Making a Splash: Google Wave Wows Users
Google Wave, the Internet search giant’s "new personal communication and collaboration tool", is currently being road-tested by thousands of volunteers. New Media Knowledge’s Chris Lee caught up with leading charity Dogs Trust to gain feedback on how it was using the tool.
Google unveiled its Google Wave communication tool in May this year. Google Wave has been described as being “how email would look if it was invented yesterday” and brings together email, social networks, wikis and instant messaging to create a real-time collaborative environment.
To test the open-source environment, Google invited thousands of users to trial the product and supply feedback. A “wave”, according to Google, is “equal parts conversation and document. People can communicate and work together with richly formatted text, photos, videos, maps and more.” Waves can also be shared and are live – participants can see transmissions as they are being typed.

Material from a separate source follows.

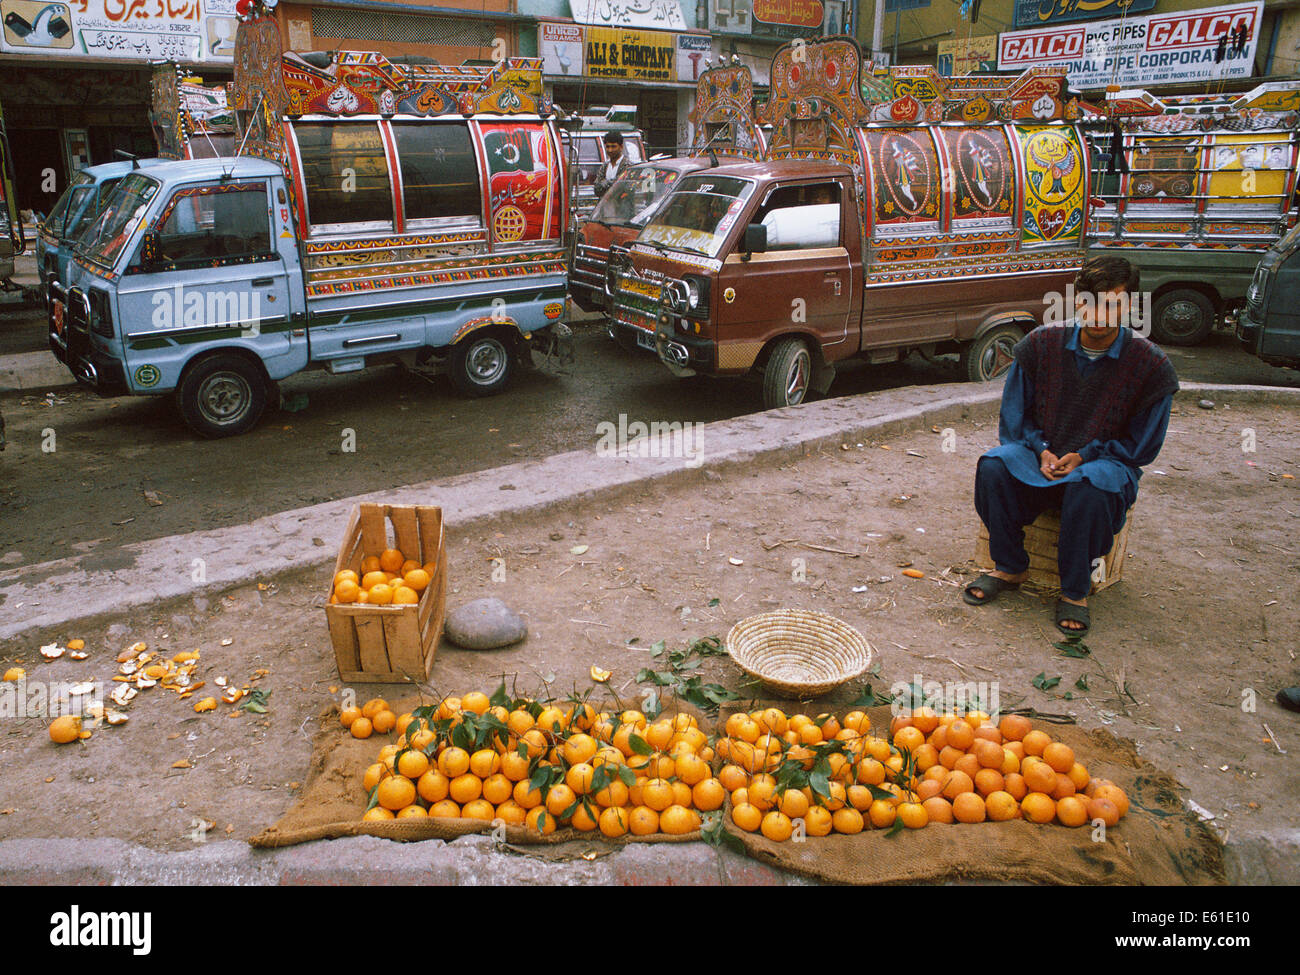 Man selling oranges. Derrière lui, les mini-fourgonnettes sont en attente pour les passagers ( Pakistan) Banque D'Images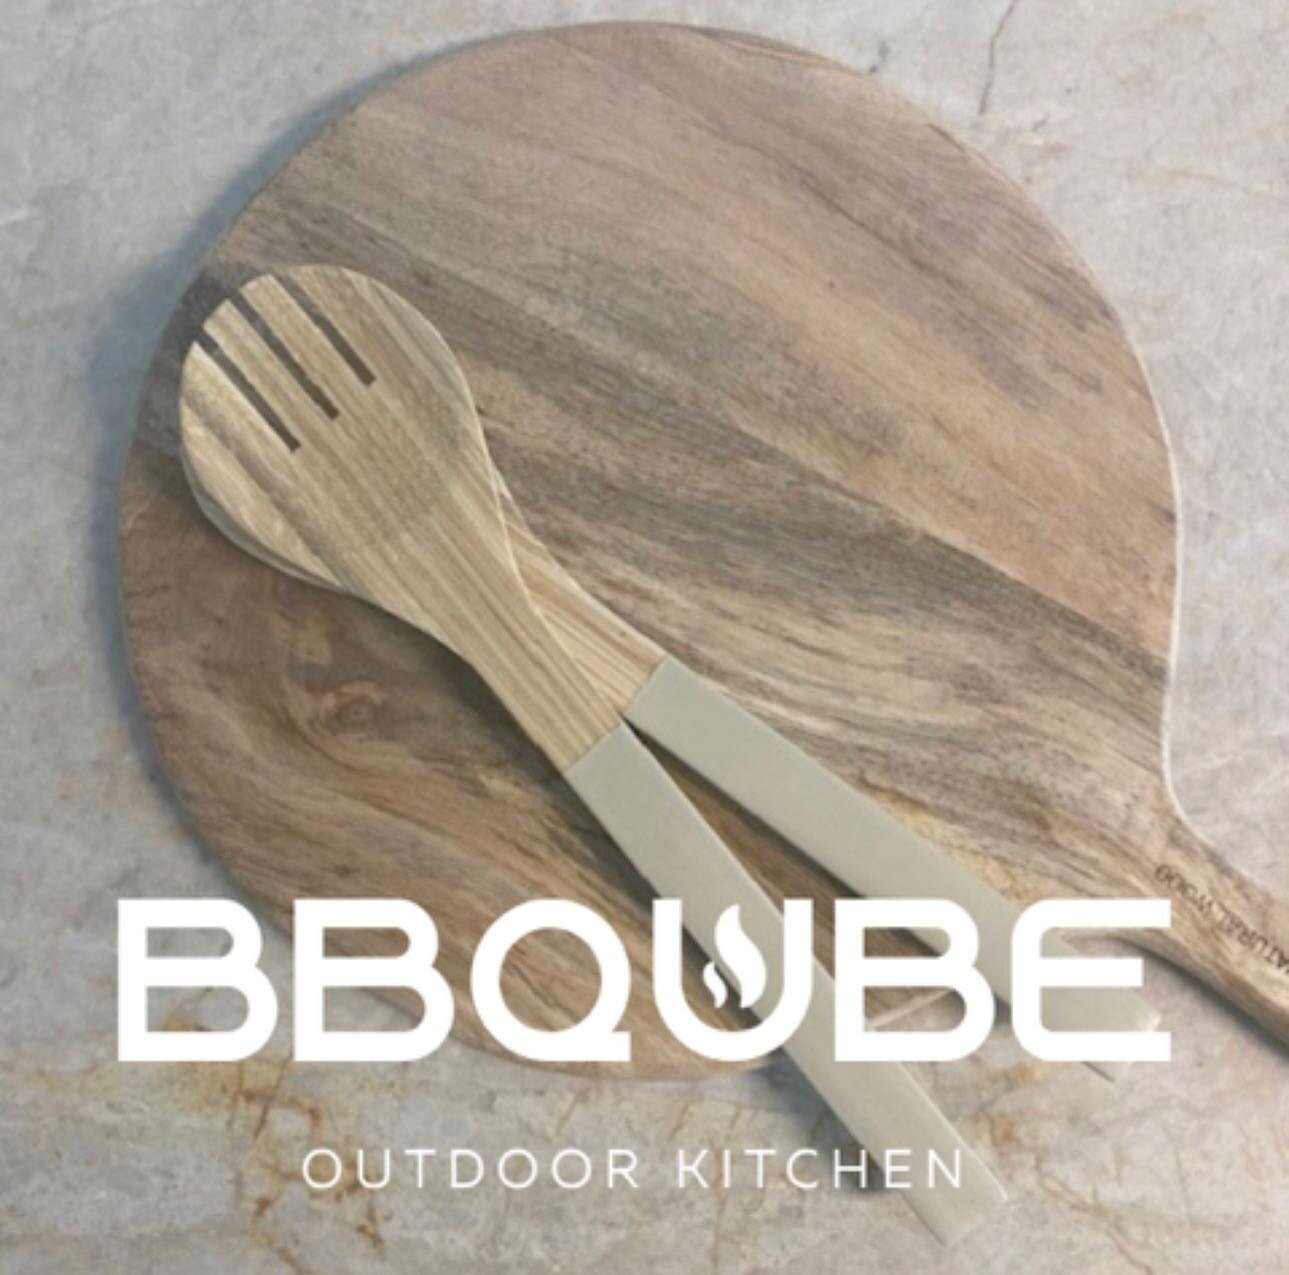 Natuursteen op een BBQUBE outdoor kitchen#outdoorkitchendesign #outdoorkitchen

“Email essentially mimics snail mail,” according to engineer Lars Rasmussen in Google Wave’s launch video. “Wave, by contrast, starts out with the definition of a conversation…and instead of thinking of individual messages as being sent back and forth we think of the entire conversation object as being a shared object being shared on a server somewhere.”
Making Waves
One organisation trialling Google Wave in the UK is Dogs Trust. The charity’s digital team has been using Google Wave since early October.
“Internally we have used [Google Wave] to create collaborative documents such as reports, a survey and to discuss things,” Dogs Trust’s digital marketing manager Jacqui Darlow explained. “We have just found out that people in our other centres have access too and so that opens up the possibility of generating things such as press releases a lot quicker than using email.”
Darlow told NMK that the group had set up a Dogs Trust account and offered invitations to other charities only, the aim being to try and find out what charities can do with Google Wave and learn from each other.
So has the experience been a positive or negative one?
“It’s hard to say, so far for us it’s been a bit of a novelty and at times a distraction,” Darlow said. “Once the initial excitement of having something no one else did wore off we seemed to not visit it as much. Partly as talking to yourself or colleagues on yet another platform can be a bit tiring, but it is nice to be able to discuss things with those we know through other networks in more detail.”
Darlow said that that the fact that participants could see what others were writing as they were typing may force people to think twice before keying in responses. But will Dogs Trust continue to use Google Wave?
“We are not developers and we are waiting for the developer that creates the app that makes us go ‘ah that’s what we can use wave for’,” she said. “It may be a Twitteresque type of system that we leave for a while and then get dragged back to when it becomes more mainstream.”